Segment Start: Dataset content
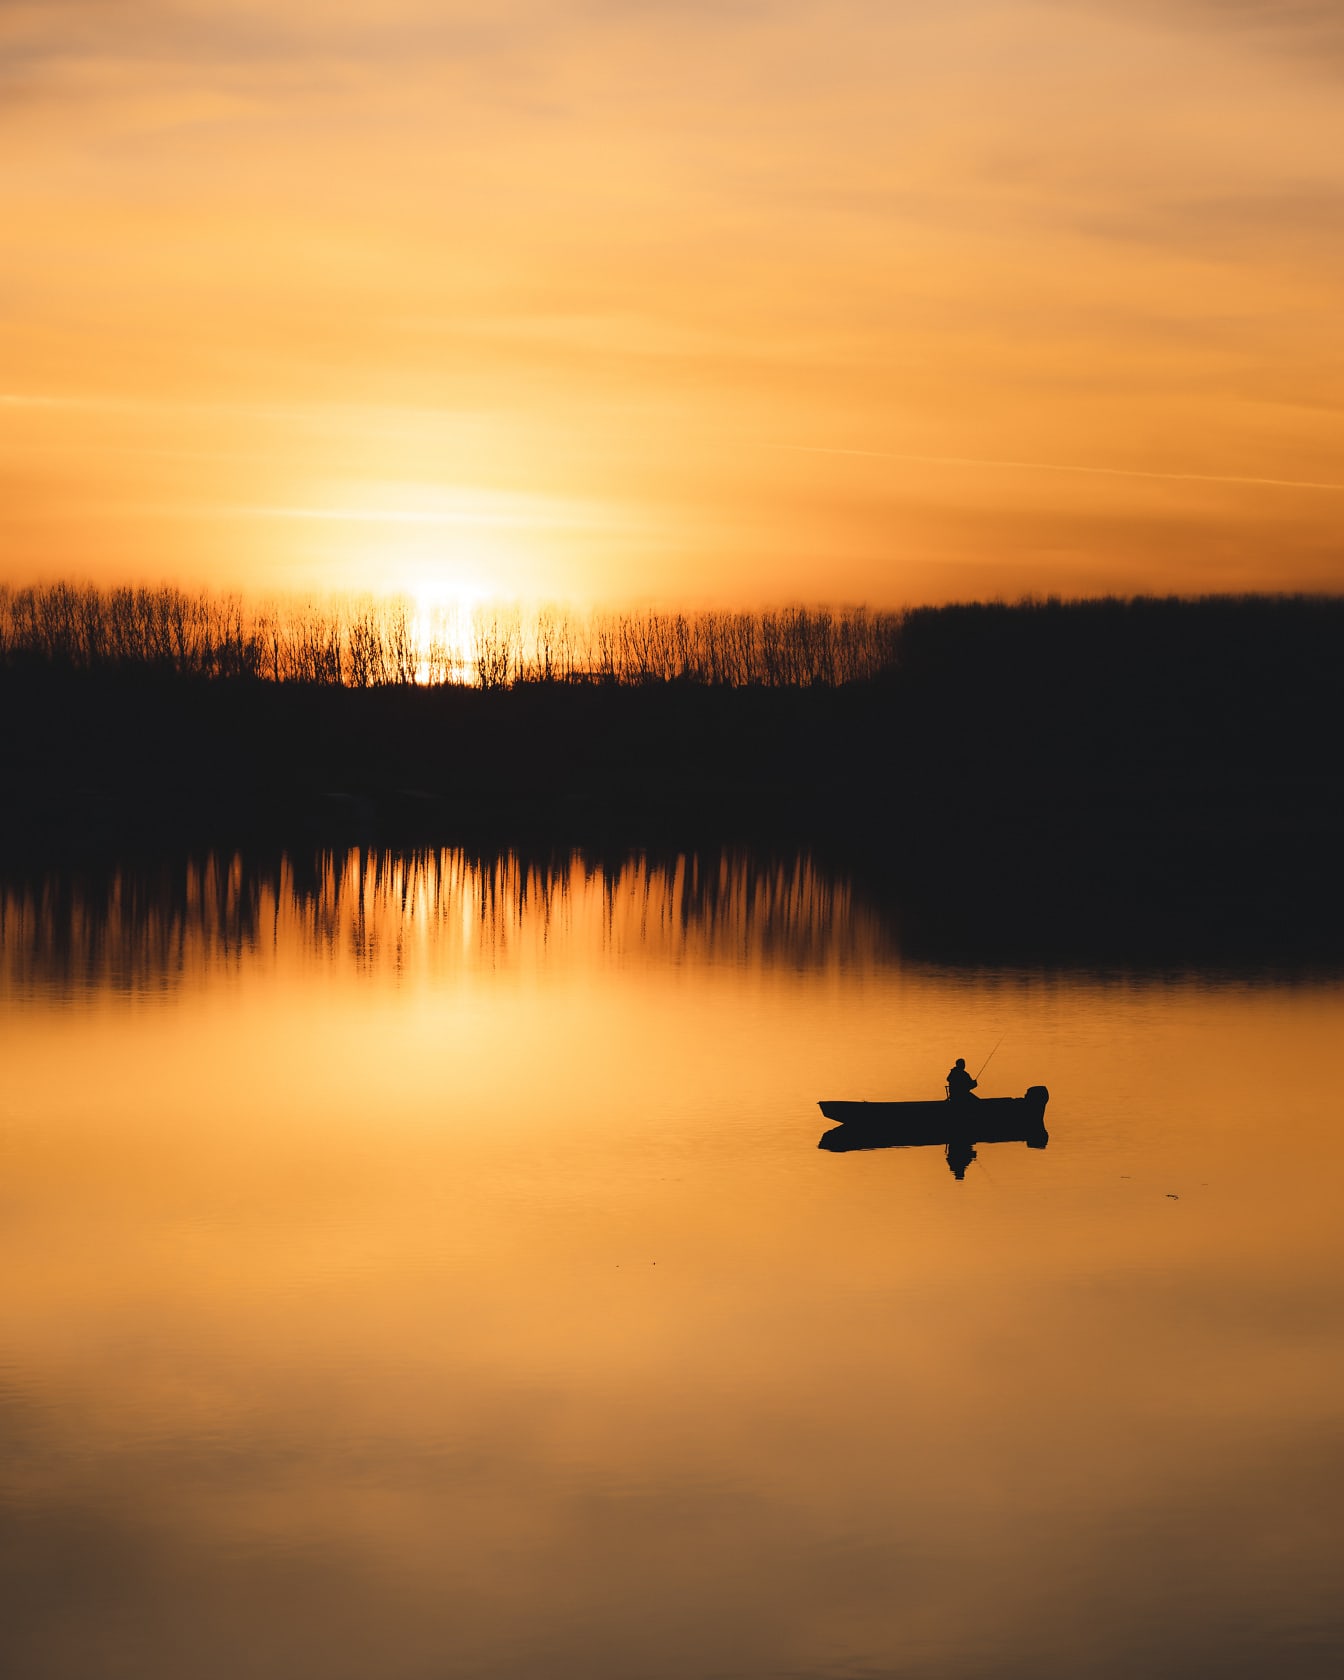 Coucher de soleil jaune orangé sur la rive avec silhouette de bateau de pêche
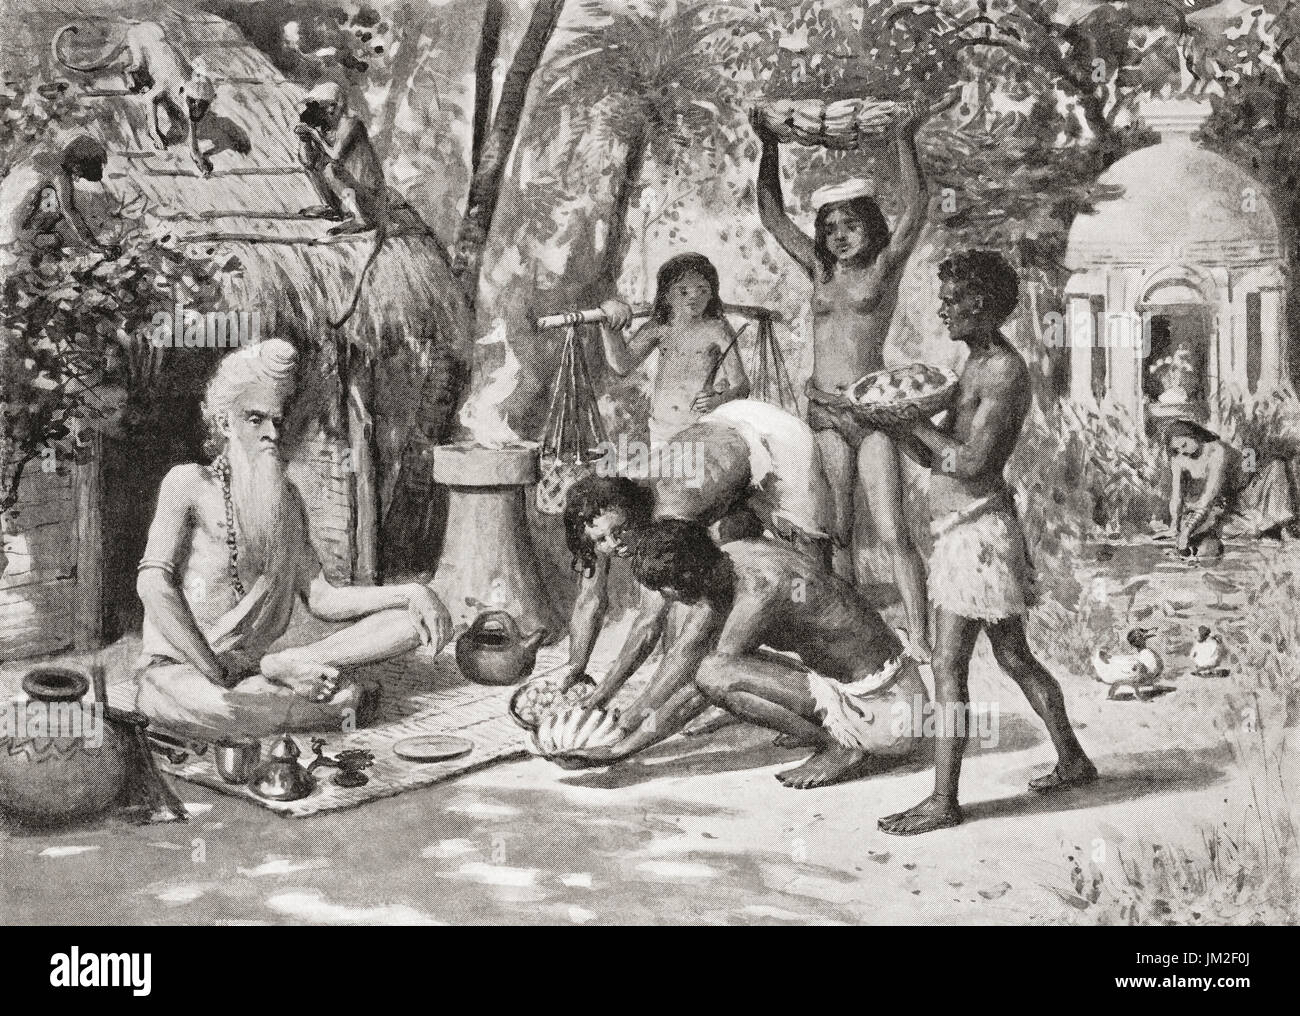 Ein Einsiedler im alten Indien, die hier zu sehen, Essen von der jüngeren Generation gebracht.  Hutchinson Geschichte der Nationen veröffentlichte 1915. Stockfoto
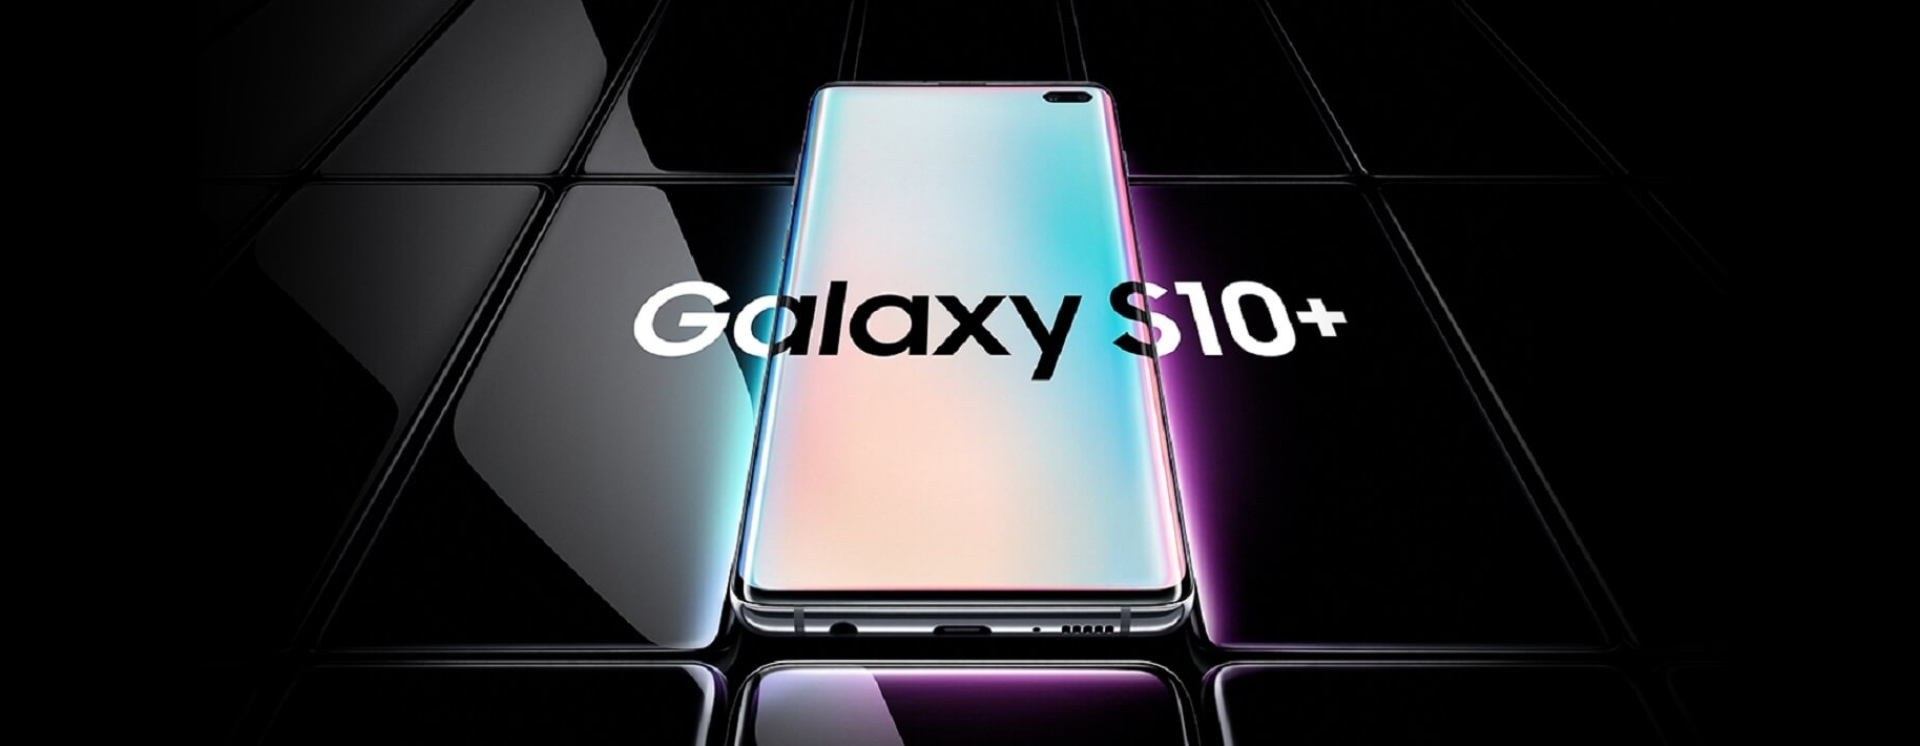 Τα 5 features που φέρνουν το Samsung Galaxy S10 στην κορυφή
Segment End: Dataset content
**Task statement:**
The material shown above is to be repeated verbatim, and its pictures are to be omitted.

**Exercise solution:**
 Coucher de soleil jaune orangé sur la rive avec silhouette de bateau de pêche
 Ein Einsiedler im alten Indien, die hier zu sehen, Essen von der jüngeren Generation gebracht.  Hutchinson Geschichte der Nationen veröffentlichte 1915. Stockfoto
 Τα 5 features που φέρνουν το Samsung Galaxy S10 στην κορυφή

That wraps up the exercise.